About Me

I am a long time baseball fan who became interesting in documenting the "missing" batter strikeouts a few years back as an outgrowth of my interest in the 1899 Cleveland Spiders. Grew up w/ the Big Red Machine. I now follow them and my new hometown, Detroit Tigers. Member of SABR off and on since 1979.

Thursday, August 16, 2012

Random 1890 AA thoughts

Well, I haven't made the time to post in a little while - summer does that, I suppose.

Anyway, I am slowly plugging my way through the 1890 AA - doing my same thing, entering lineups, retro stuff, and batter k's into my access database.

So far, I have entered the home games for the following teams - Rochester, Philadelphia, Brooklyn, Louisville, & am into July with Syracuse.  
For those familiar with base ball in 1890, this was one of those years with 3 "major" leagues, the other being 1884.    As a result, you tend to see a few things that you wouldn't normally.

First, coming from my research in 1887-8, where the cities were ones that I had considered major cities, I lept into the 1890 AA, which played ball in Toledo, Columbus, Syracuse, & Rochester, cities that I don't normally think of as "major league".   In 1889, in fact, Toledo had a good deal of its team on its International League entry, the "Black Pirates";  Syracuse & Rochester were the same.   Brooklyn started the 1890 season with its only AA entry, which was "abandoned" in late August, only to be replaced by Baltimore, which had operated in the Atlantic League.   I am thinking Baltimore may be the last "team" to operate as a minor and major league team in the same season.   Granted, the 1890 Orioles did pick up a number of players from other AA teams, but it was still Billy Barnie's Atl League team (as well as his 1889 AA team).

Why for all of the jumble and use of "minor league" teams - that is pretty apparent - the Players League was added to the mix, which resulted in NL/AA players jumping to the PL and the AA scrambling to have a team.   David Nemec's "Beer and Whisky League" book does a much better job of explaining this all, I am finding it fascinating dealing with players that I had never heard of.   I would be curious to know what percentage of players in the 1890 AA only played that 1 season  (NL & PL as well).   With the minor league fill-ins, it seems like a lot.   I imagine someone could argue if the 1890 AA was really of "Major League" quality or if it really was a mostly a minor league in Major League clothing.  


One thing that I discovered when going through the Louisville games was a wholy different "walk-off" rule than I had ever heard of.
I first ran across this when doing the Louisville home games.  

On April 19, 1890, Louisville scored 2 in the bottom of the 10th to
beat St. Louis 5-3. Louisville did bat last in this
game. According to the Philadelphia Inquirer, Shinnick singled home
2 runners in the bottom of the 10th with 1 out to win it for the Colonels.
I had never heard of 2 runs in a "sudden death" situation w/ a
non-homer in any era (let alone in this era).  

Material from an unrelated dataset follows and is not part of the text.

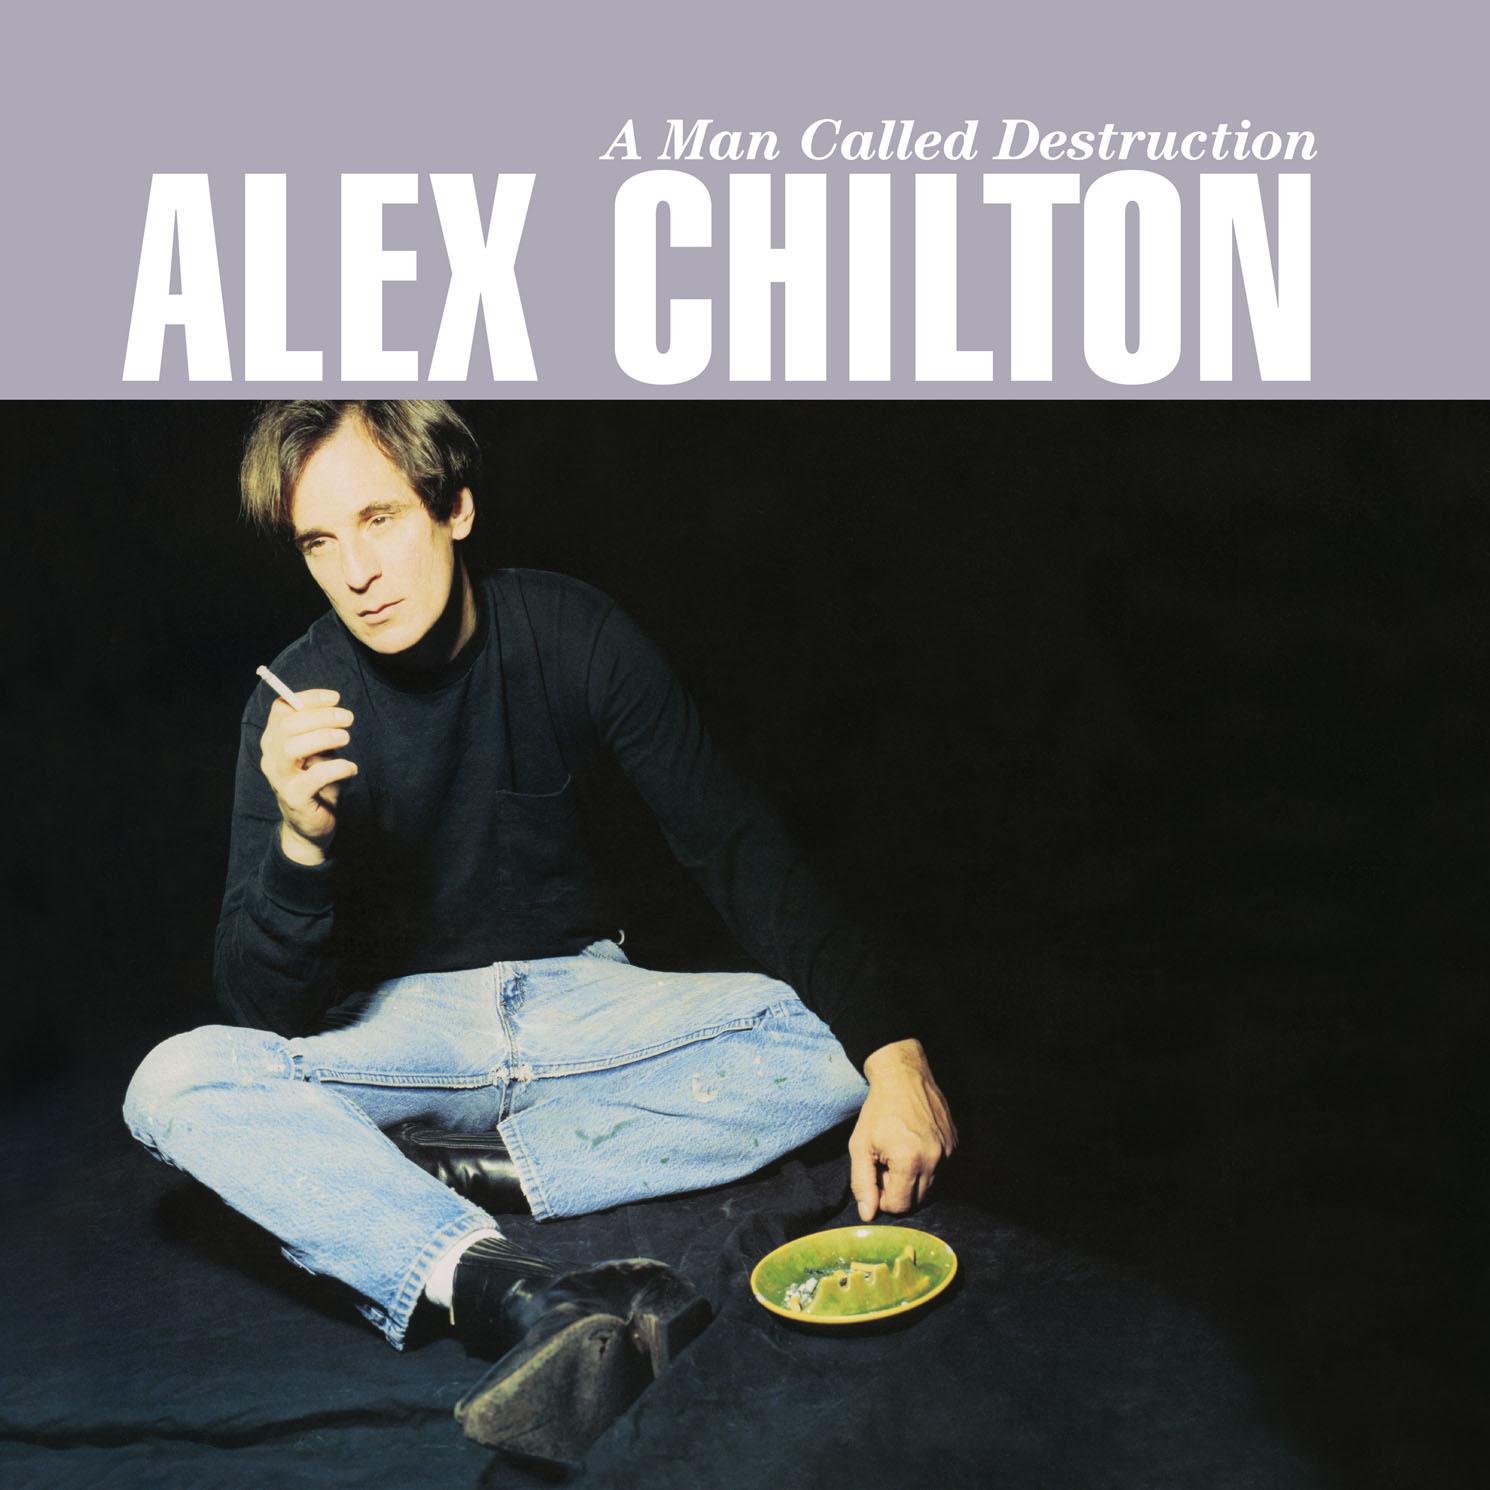 Alex Chilton - A Man Called Destruction  Release Date: August 25, 2017 Label: Omnivore Recordings  SERVICE: Restoration, Mastering NUMBER OF DISCS: 1 GENRE: Rock FORMAT: CD and LP
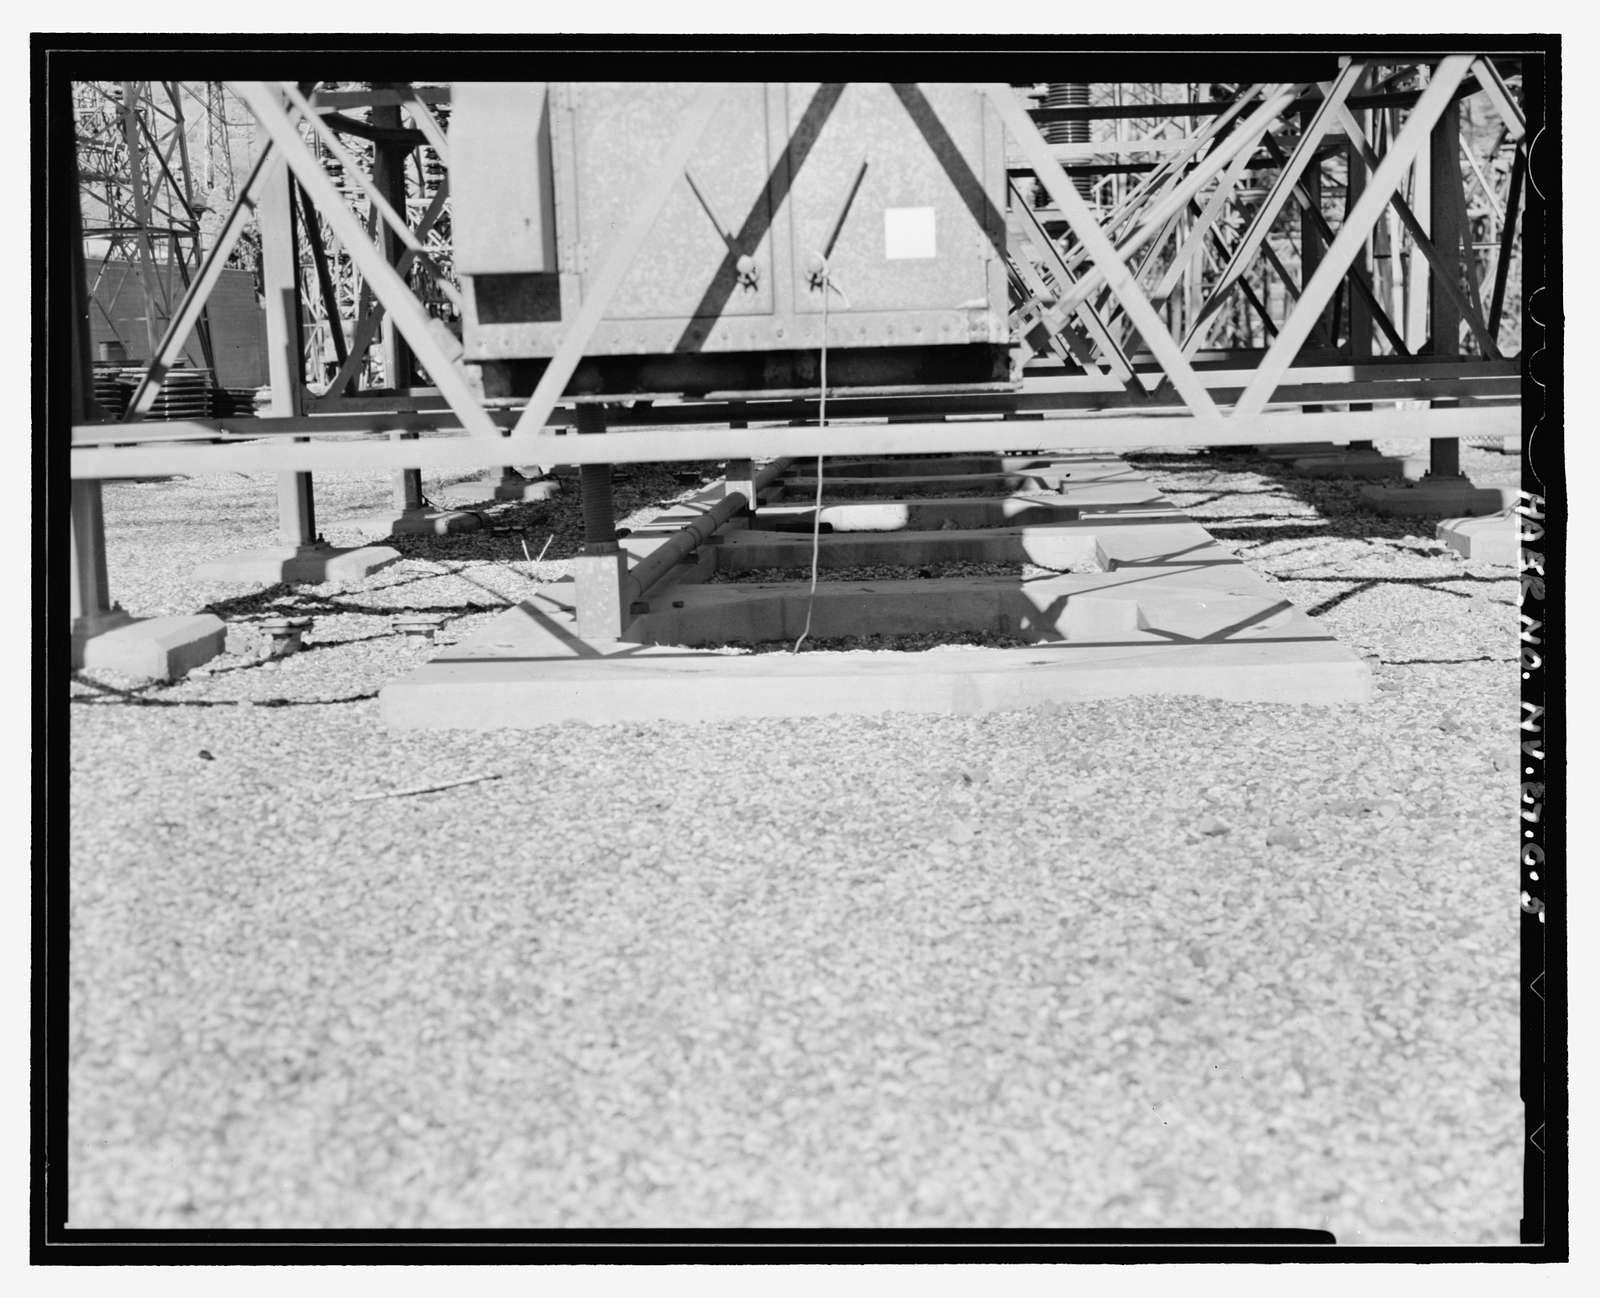 Hoover Dam, Metropolitan Water District Switchyard, U.S. Highway 93, Boulder City, Clark County, NV

I posted this to the 19th century Yahoo group and Cliff Blau graciously responded with the following:

The rule at the time was that on a game-winning play such as this,
the game continued until the play was over. I came across one
instance where the defensive team didn't bother to field the ball and
the batter circled the bases for a homer.

The 1889 rules state:

"If the side last at bat in the ninth inning scores the winning run
before the third man is out, the game shall terminate, upon the
return of the ball to the pitcher."


Cliff later noted that the rule must have been changed soon after, because by 1894 it said that the game ended with the "winning run".  I have run across a couple of other occurrences of this, both at Louisville, on April 29 and June 11.  Interesting coincidence that these all occurred in Louisville?  Not sure.

That is all for today.  Hope I can be more diligent on blog entries as I have a ton of stuff to post, but less intiative and skill.  Hope whoever is reading these posts are enjoying them.